Gamers have been trying to preserve all those dual-screen games, and they've done very good, but we need to make those efforts far more widespread to everyone, even young gamers that haven't heard of nor played such systems' games, even if Nintendo can't seem to appreciate such efforts people have been doing lately.
People made such great games on those systems, and felt good doing it, but there needs to be new dual-screen systems so devs can actually relive those joys of developing dual-screen games again, without worrying about them being underpowered or incapable.

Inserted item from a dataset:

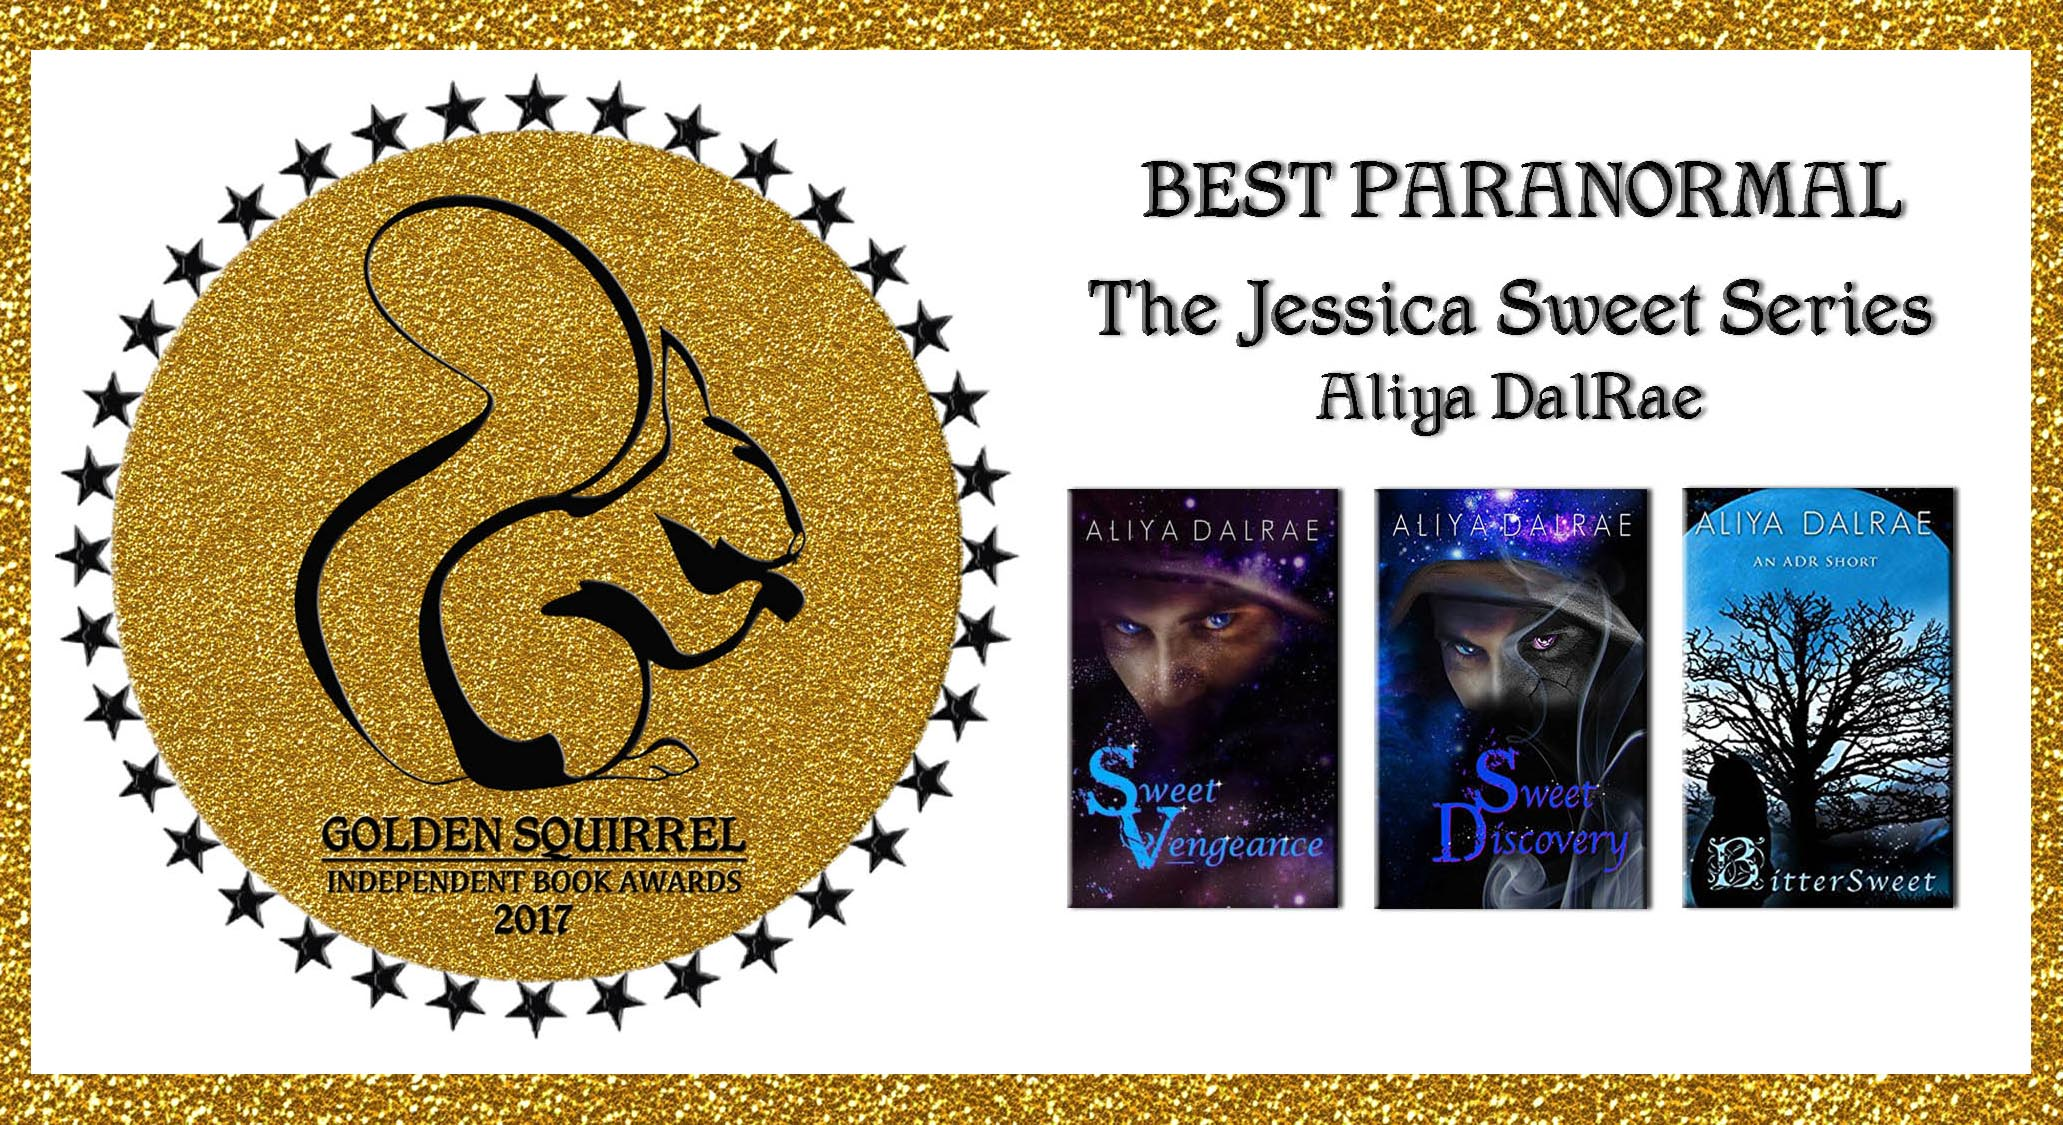 Golden Squirrel Best Paranormal

There should be new dual-screen handhelds to serve as actual, standalone successors to the 3DS, needing to be far more powerful than the 3DS and more than the Switch, mainly with both screens' native resolutions actually matching their sizes, say, about, 494x286 for both screens, and some new surprising features no other gaming system could try to replicate, not even on mobile, and with new, stronger SDKs to develop games on it, too, those that people can actually keep, rather than being lent by said companies. Its not impossible, you know. Just need to think more outside the box.
People need to step up those efforts and carry what Nintendo seemed to stop. I think, because of what infamous actions they've did lately, I wouldn't bank on them for making new dual-screen systems.
I'm still hopeful people will use their knowledge and experience in hardware and software engineering and manufacturing to make new, standalone dual-screen gaming systems to continue those same experiences and joys we've been missing so much today.
All it takes is great effort, and it will be completely worthwhile for gaming history all over the world.